(DATA LISTING)

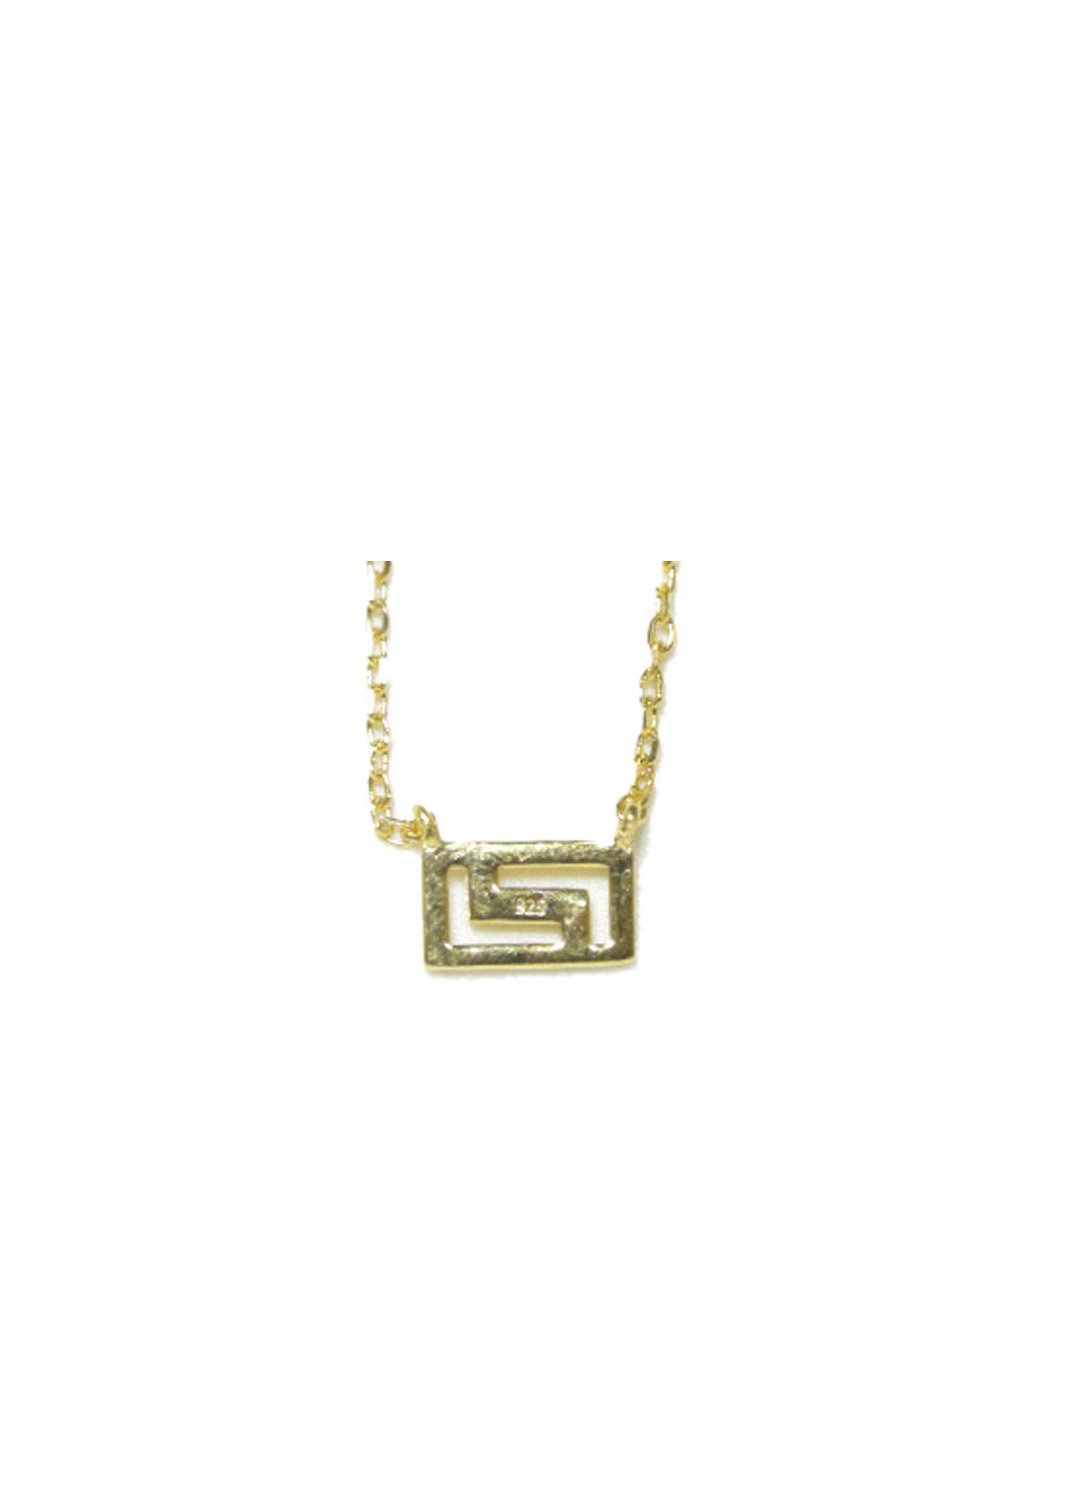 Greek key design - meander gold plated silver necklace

(End DATA LISTING)
(DATA LISTING)

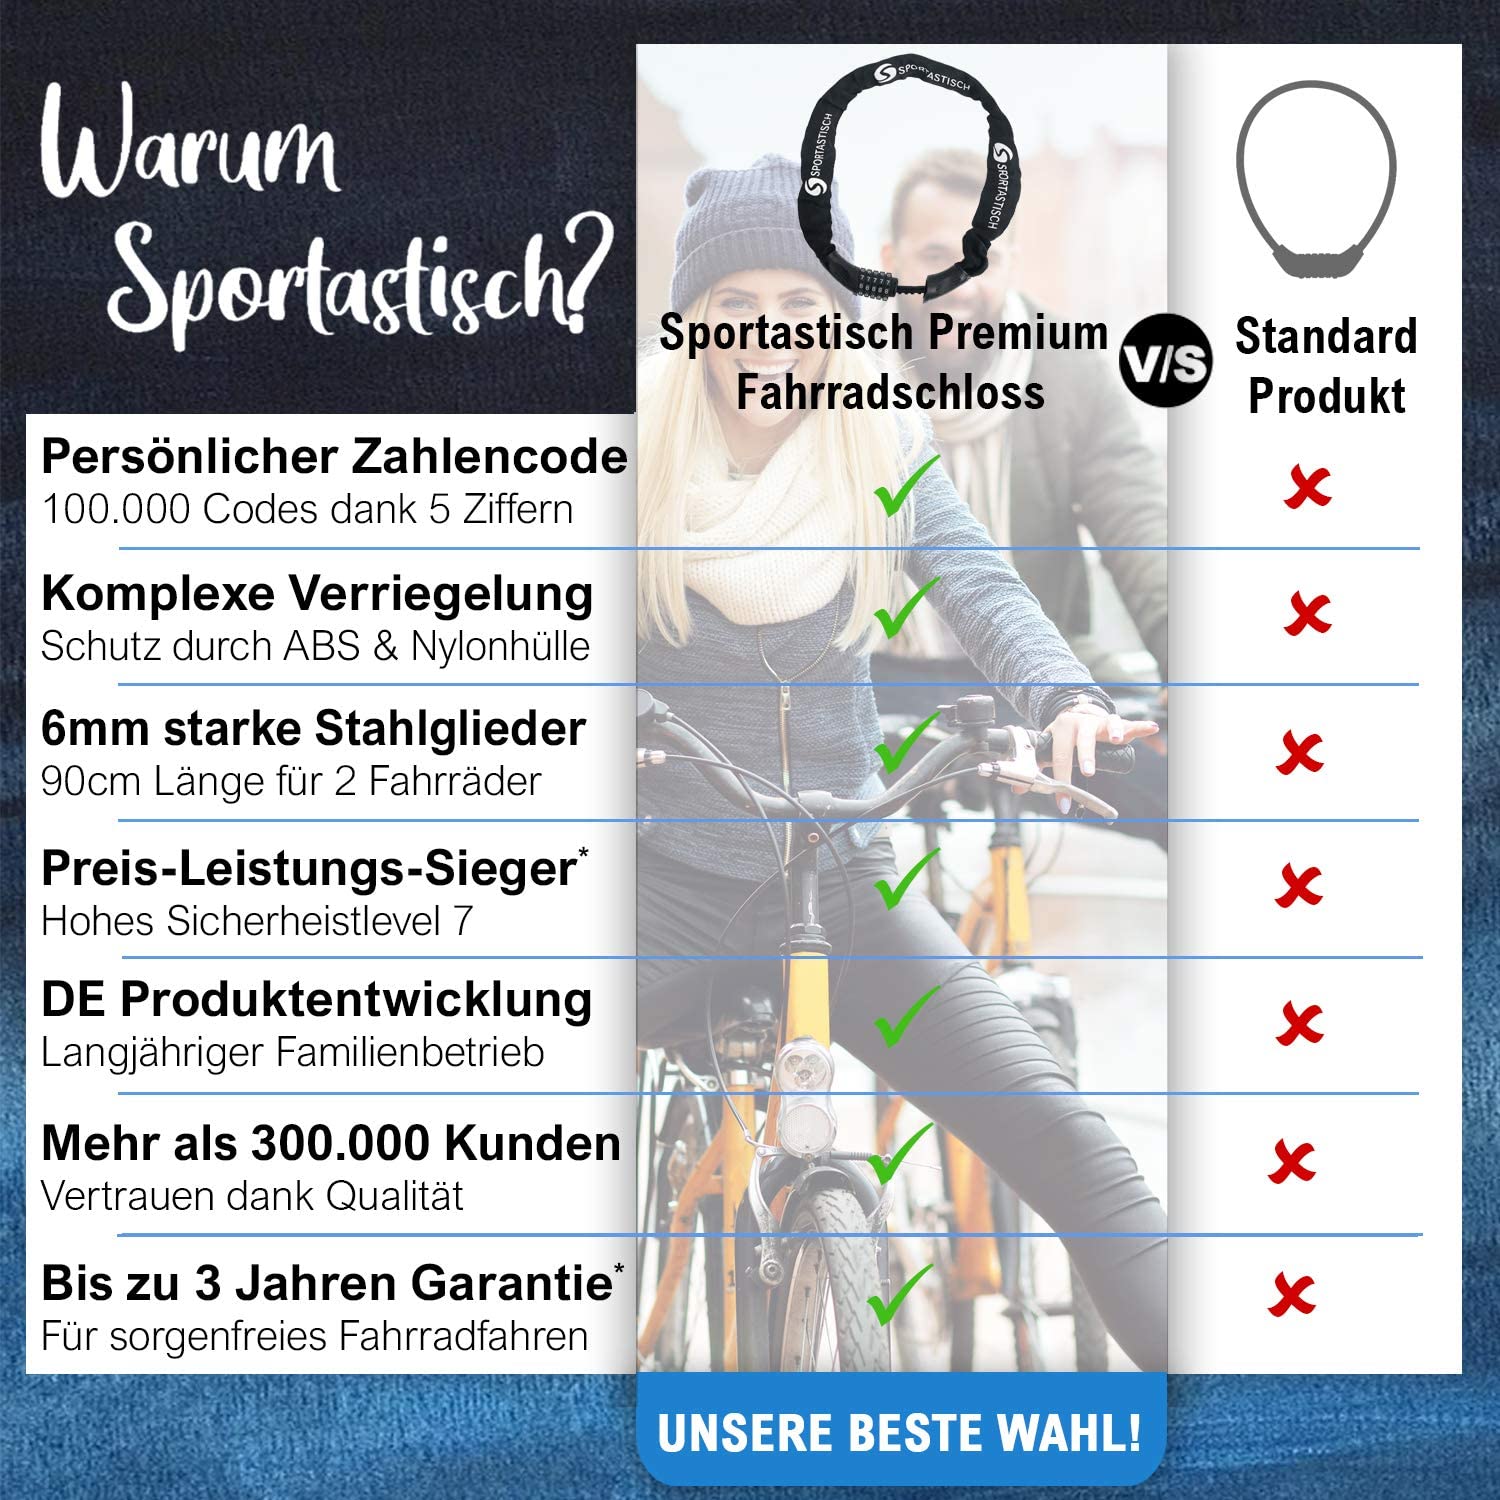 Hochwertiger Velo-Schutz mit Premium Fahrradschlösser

(End DATA LISTING)
(DATA LISTING)

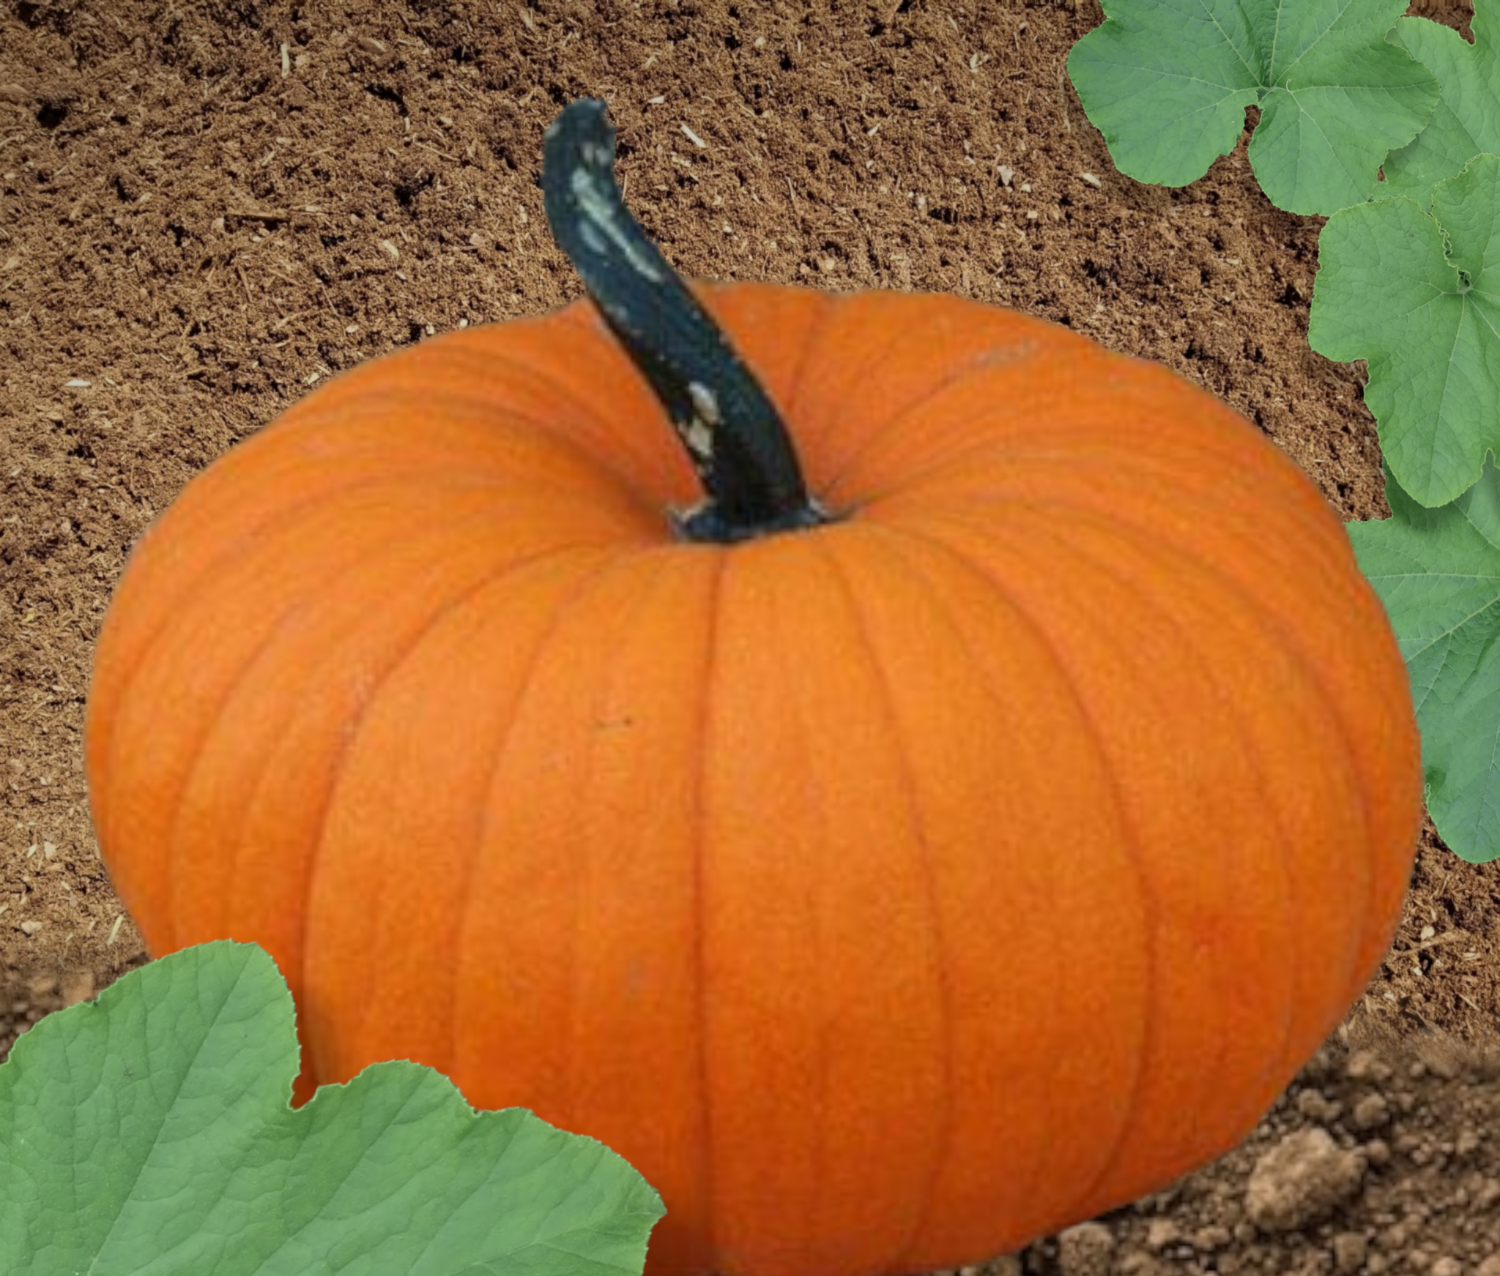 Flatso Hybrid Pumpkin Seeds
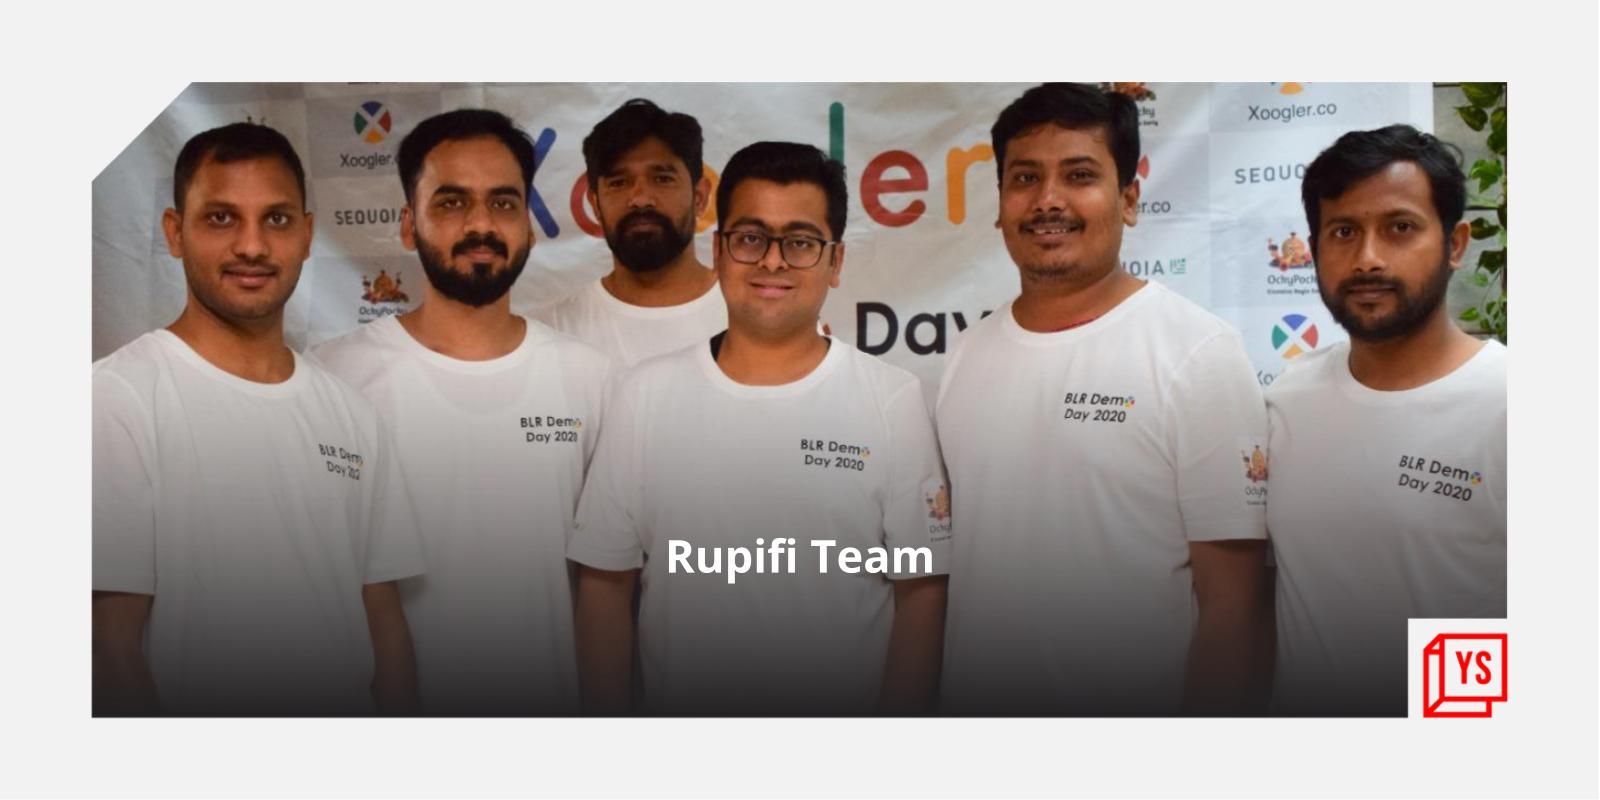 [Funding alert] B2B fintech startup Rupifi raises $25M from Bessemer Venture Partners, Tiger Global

(End DATA LISTING)

■ EXERCISE ■
Only one stretch of the listing is wanted: the lines starting at the one with "Flatso Hybrid Pumpkin Seeds" and ending at the one with "[Funding alert] B2B", copied exactly and free of pictures.

■ OUTPUT OF THE TASK ■
 Flatso Hybrid Pumpkin Seeds
 [Funding alert] B2B fintech startup Rupifi raises $25M from Bessemer Venture Partners, Tiger Global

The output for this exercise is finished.